_SOURCE DATA_.

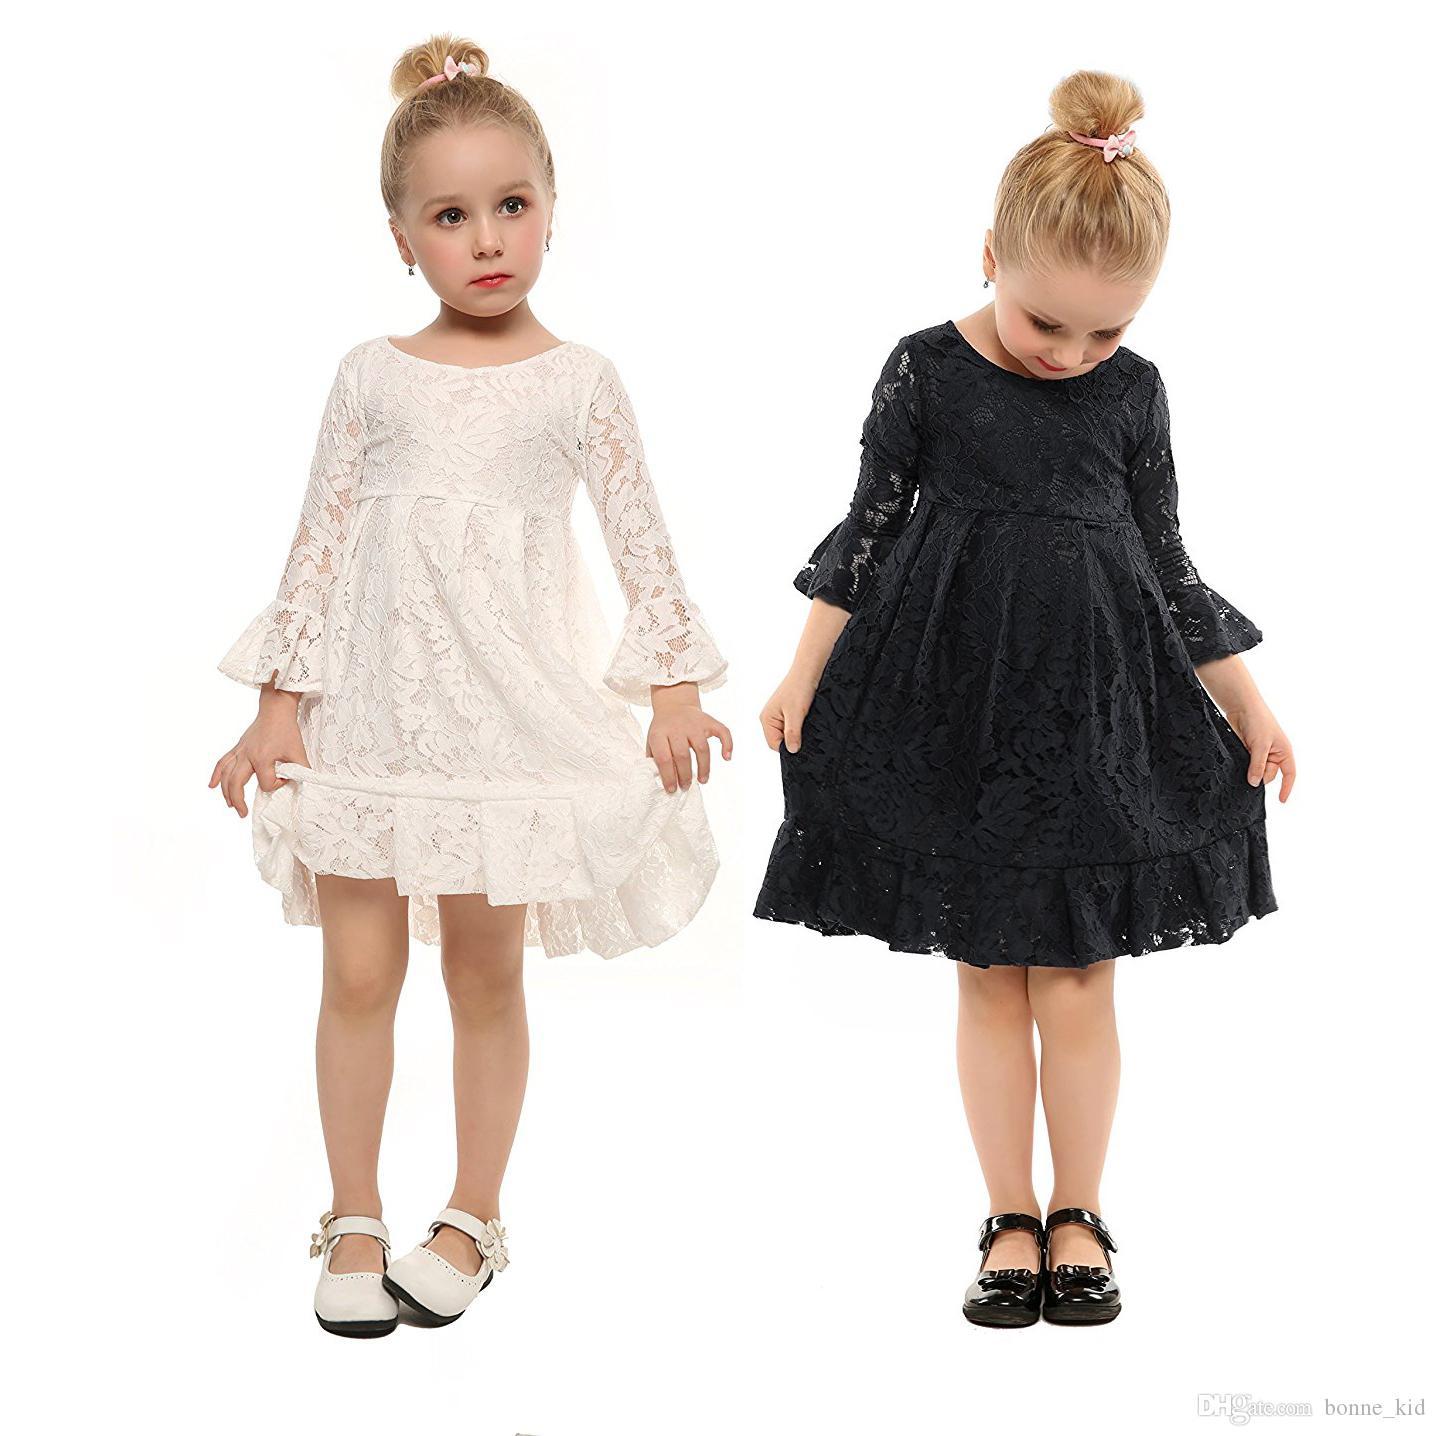 4a251d46f Compre Niños Niñas Boda Vestido De Flores Bautizo Vestidos De Encaje Niñas  Blanco Negro Princesa Floral Primavera Otoño Bebé Tutu Vestidos 3 12Y A  $13.76 ...
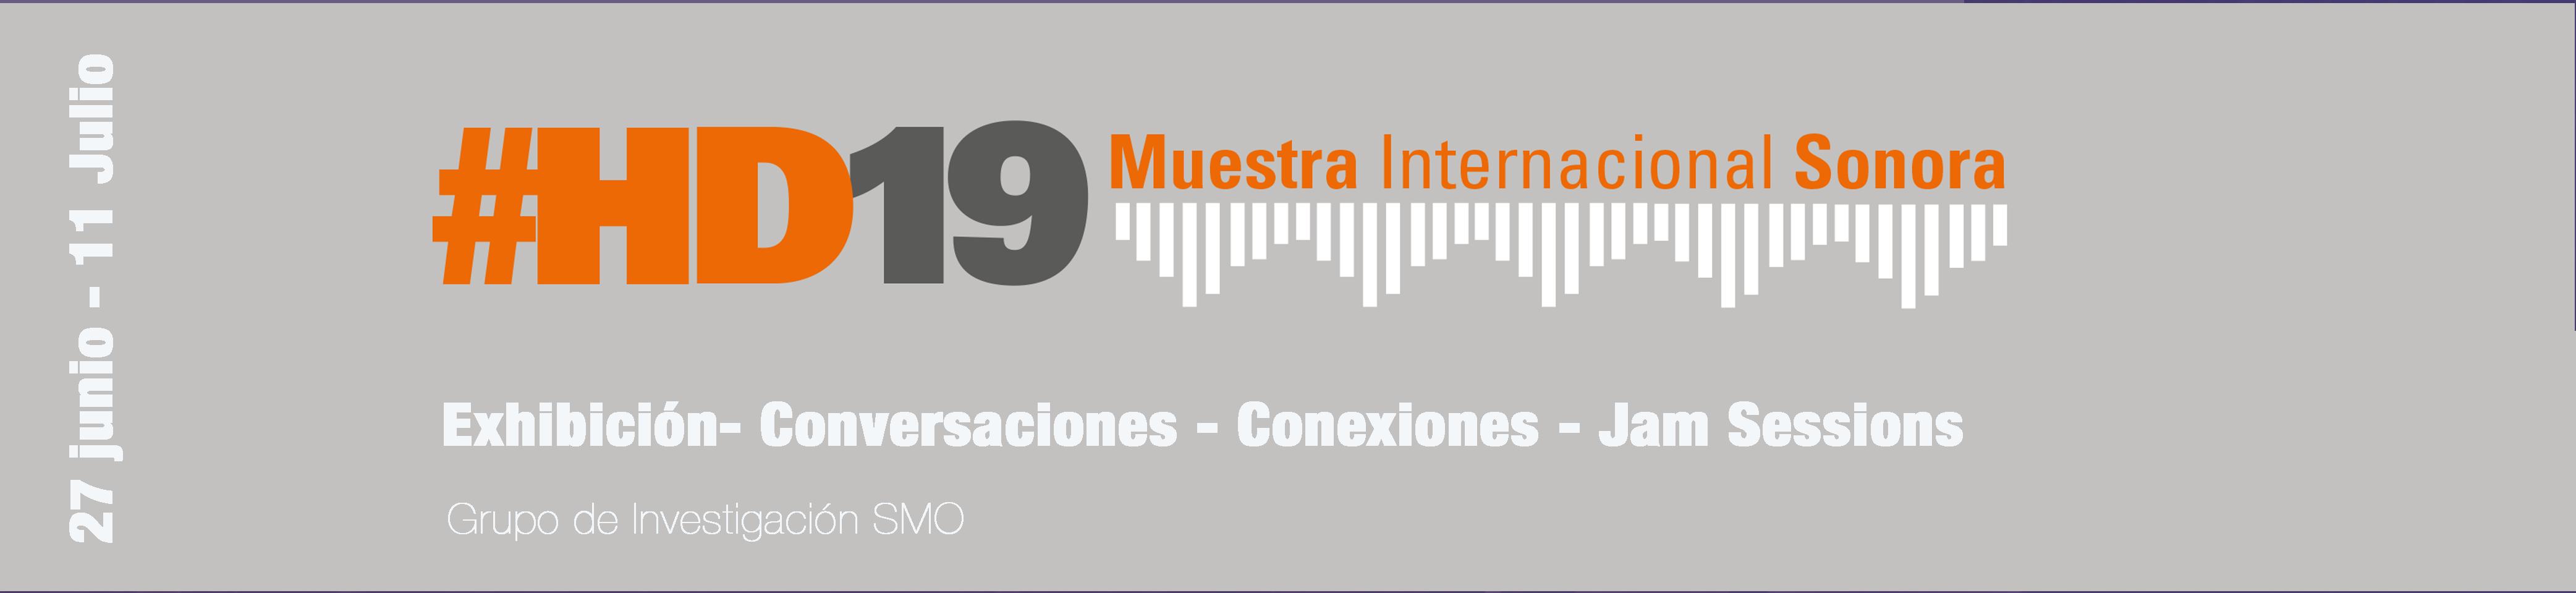 Banner Exhibicion Muestra Sonora #HD19
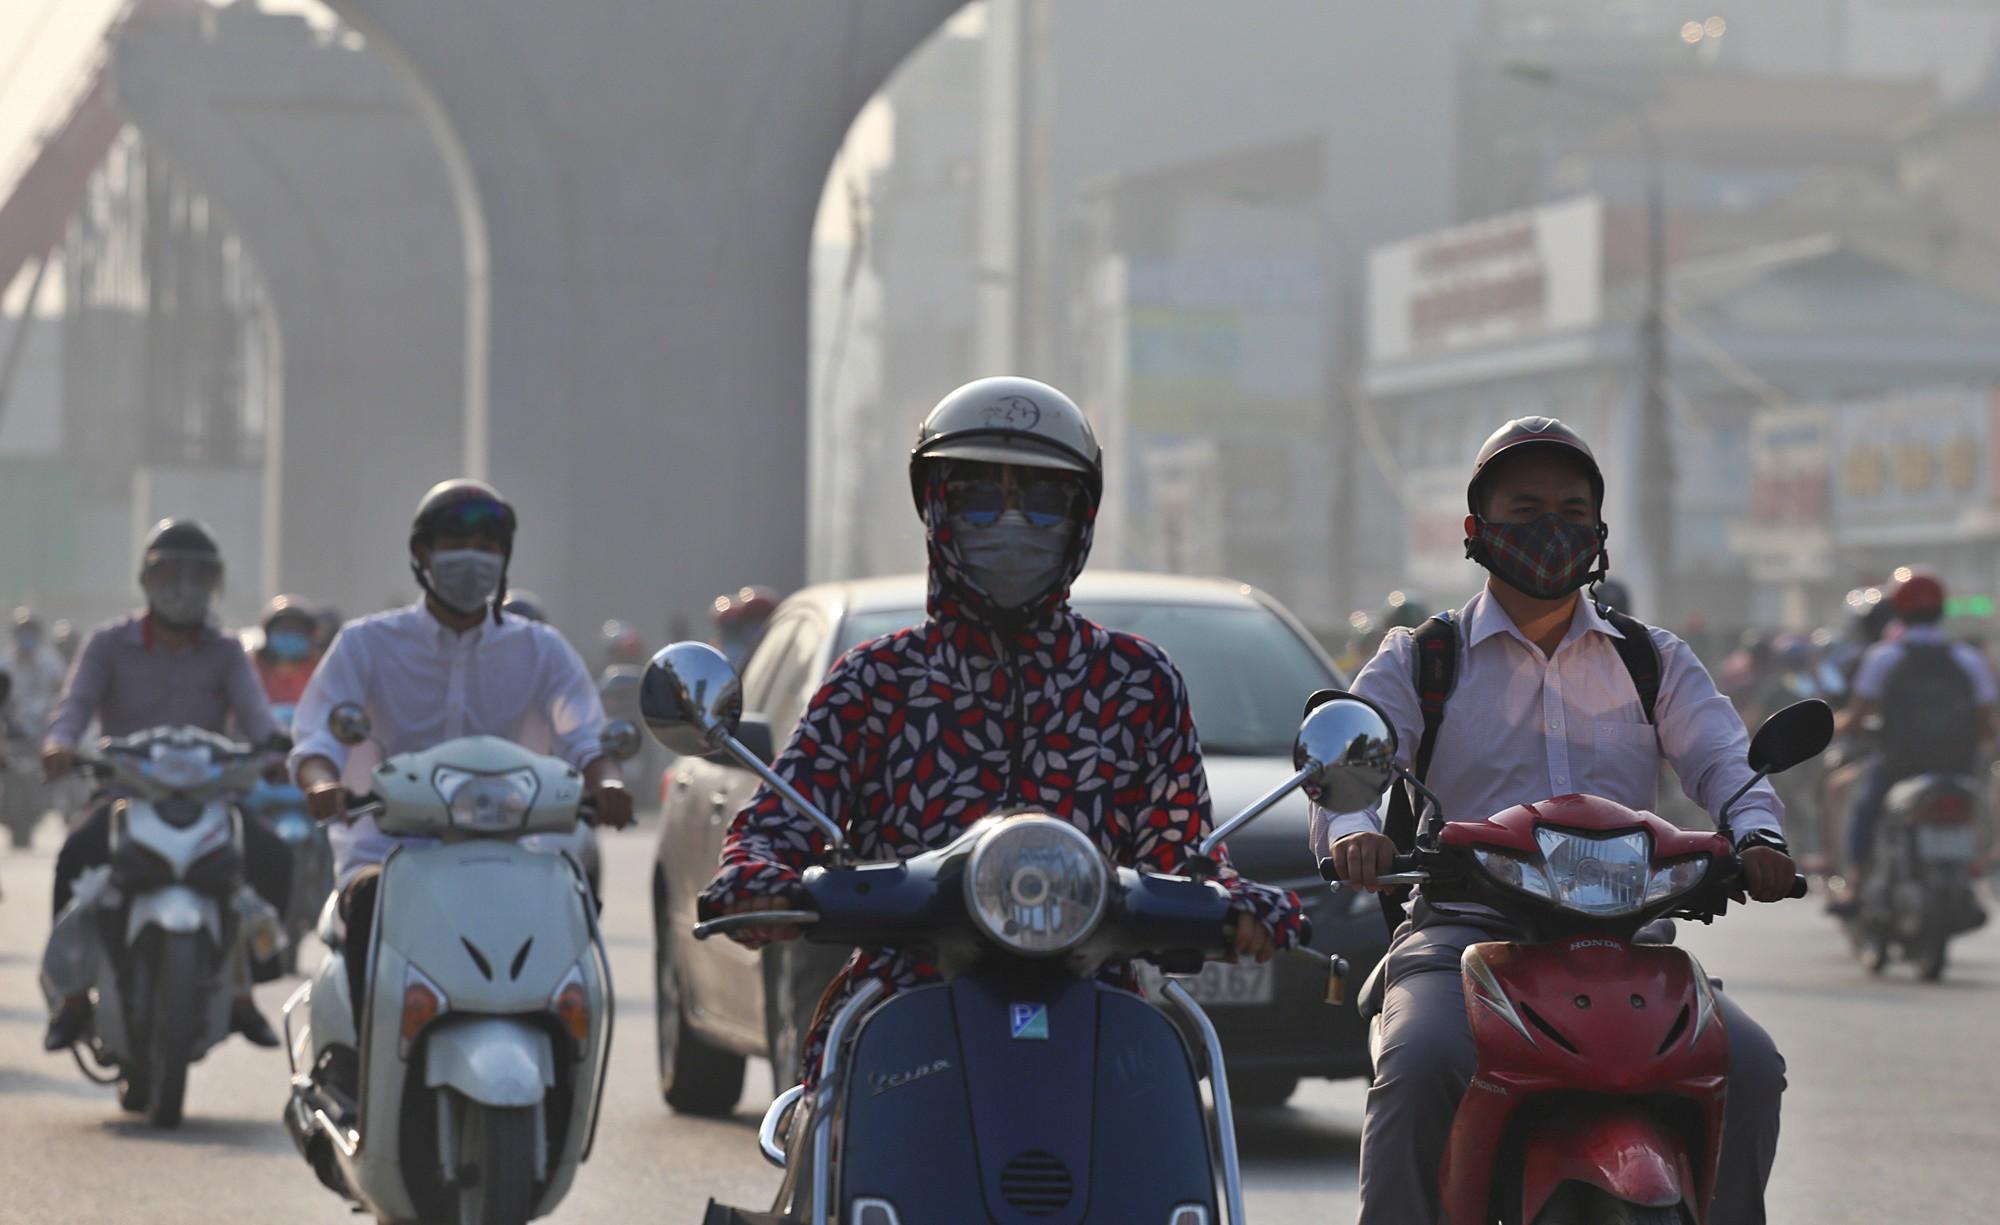 Phòng chống và cảnh báo ô nhiễm không khí, giải pháp giảm tác hại do ô nhiễm không khí ở Hà Nội (1/10/2019)
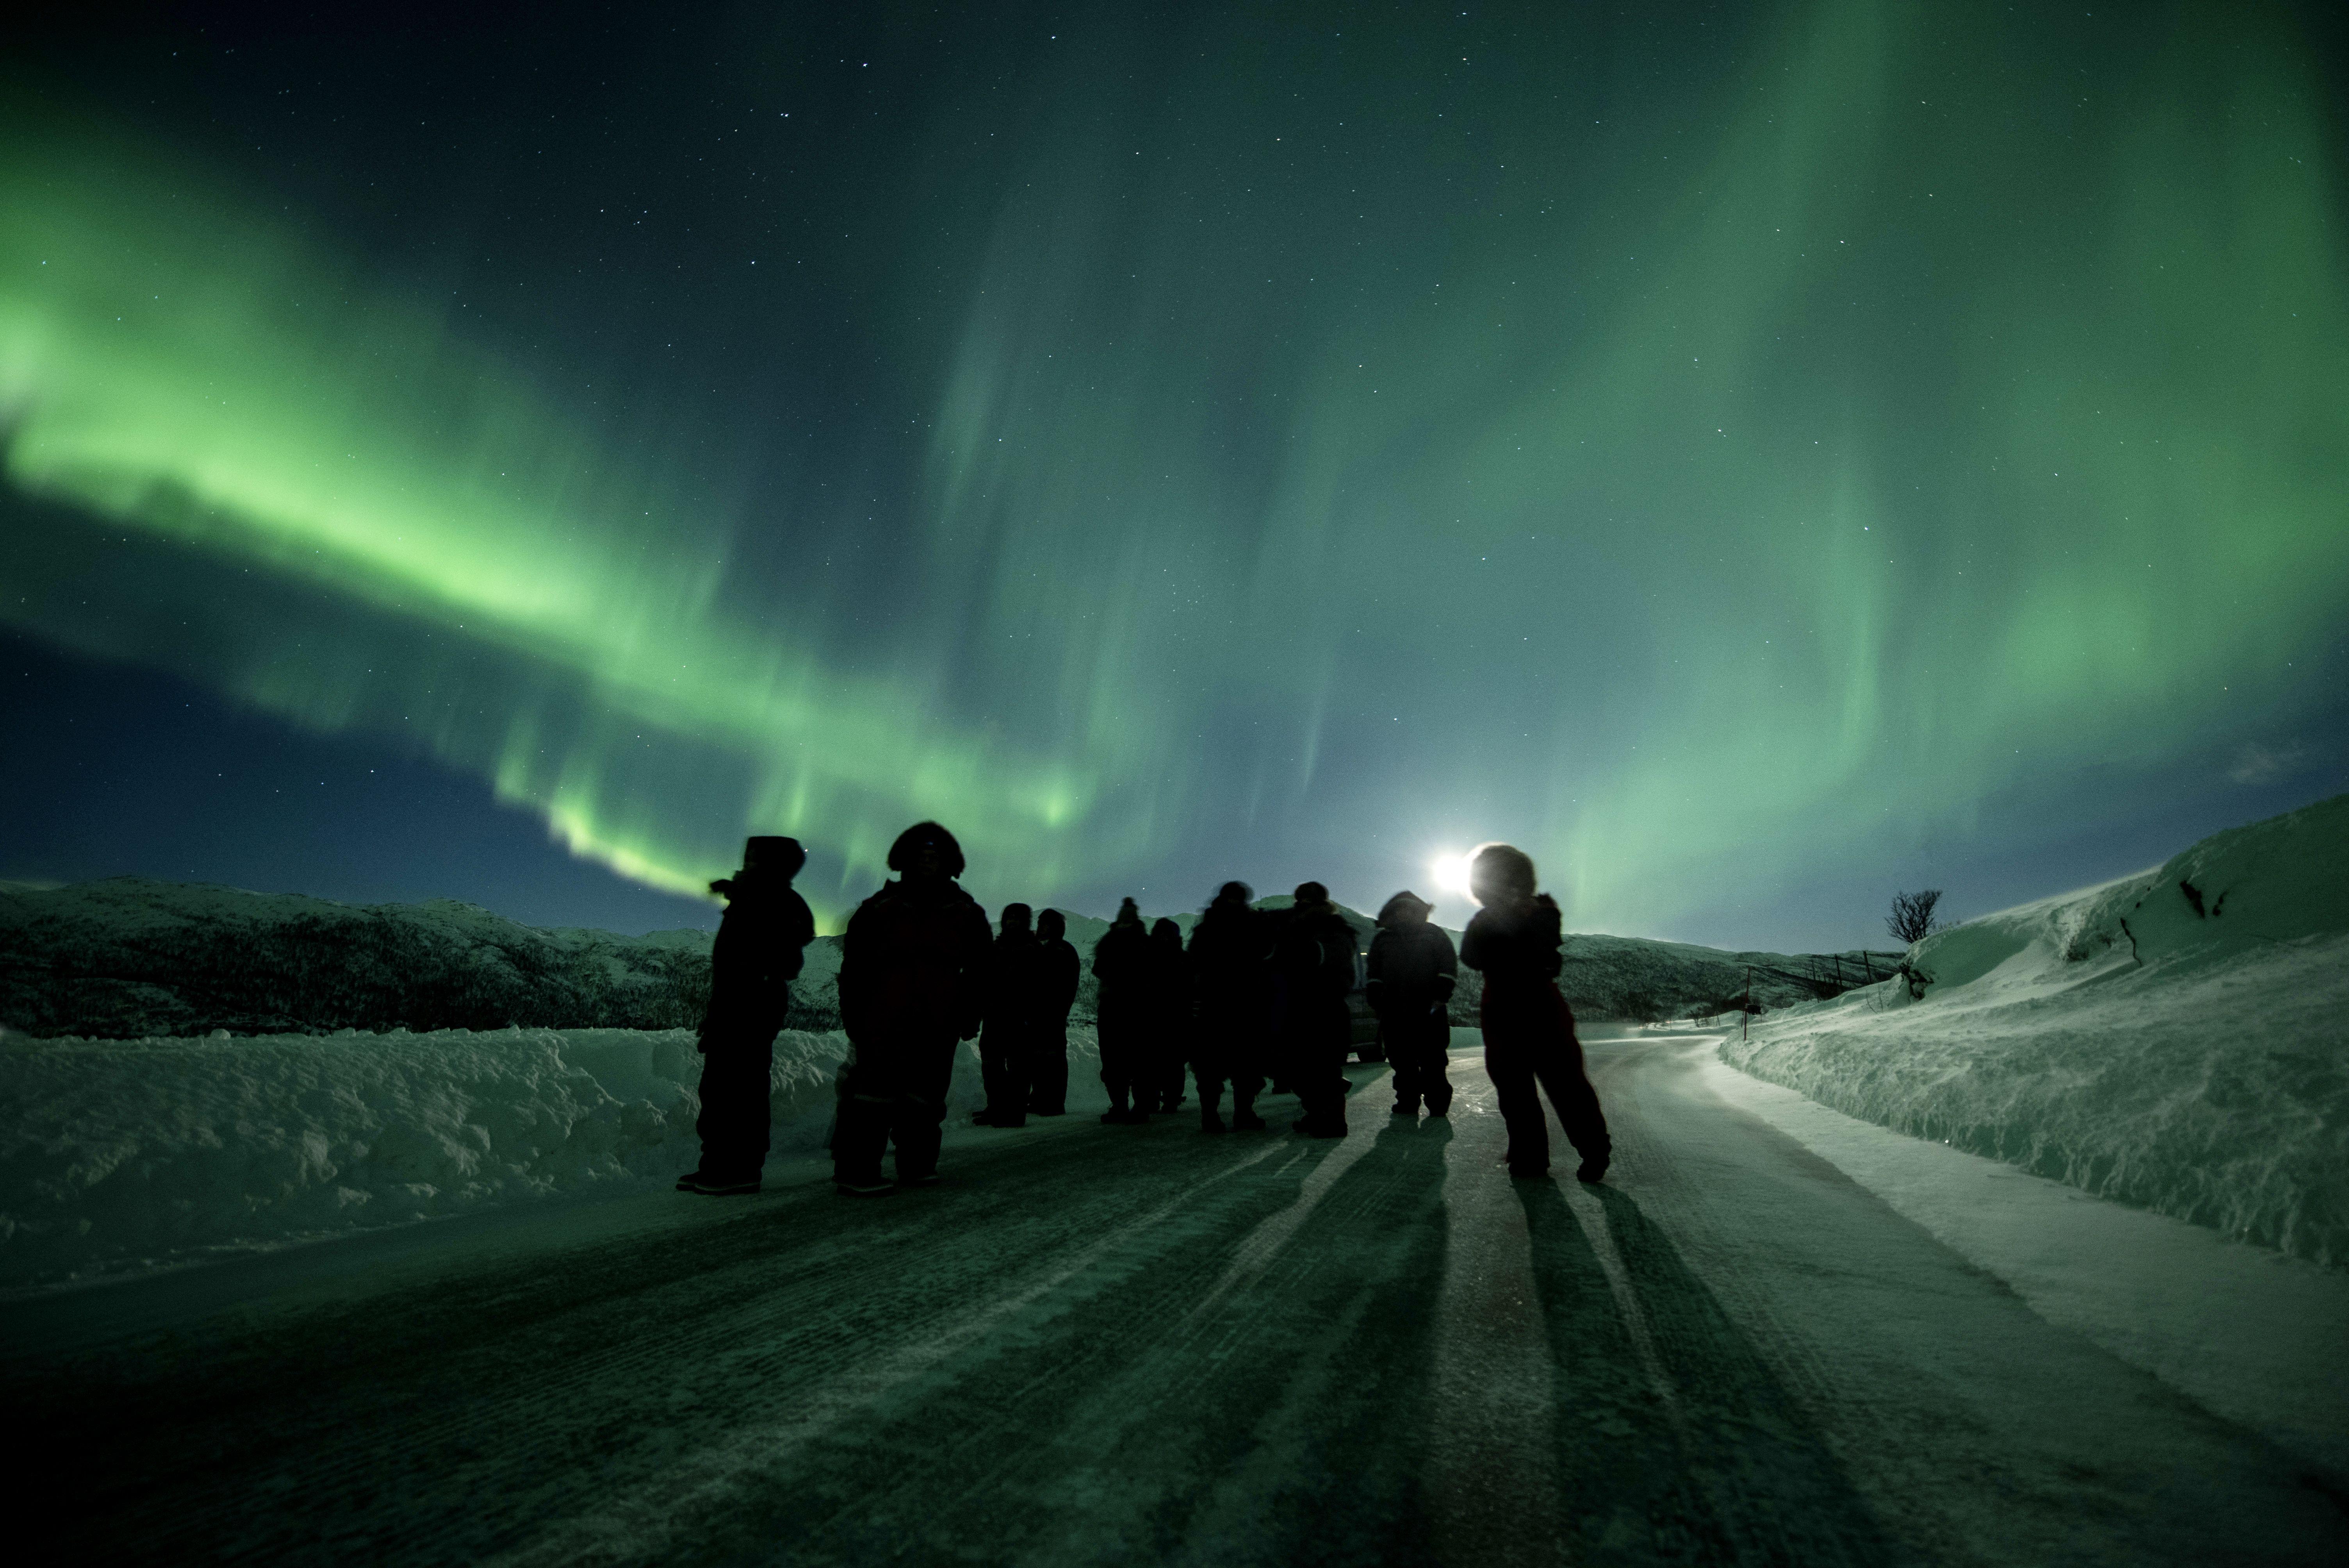 Norwegia. Polscy przewodnicy szukają całymi nocami zorzy

_WHAT IS REQUIRED_.
Would you restate the listing word for word without its pictures?

_SOLUTION FOR THIS TASK_.
 4a251d46f Compre Niños Niñas Boda Vestido De Flores Bautizo Vestidos De Encaje Niñas  Blanco Negro Princesa Floral Primavera Otoño Bebé Tutu Vestidos 3 12Y A  $13.76 ...
 Banner Exhibicion Muestra Sonora #HD19
 Phòng chống và cảnh báo ô nhiễm không khí, giải pháp giảm tác hại do ô nhiễm không khí ở Hà Nội (1/10/2019)
 Norwegia. Polscy przewodnicy szukają całymi nocami zorzy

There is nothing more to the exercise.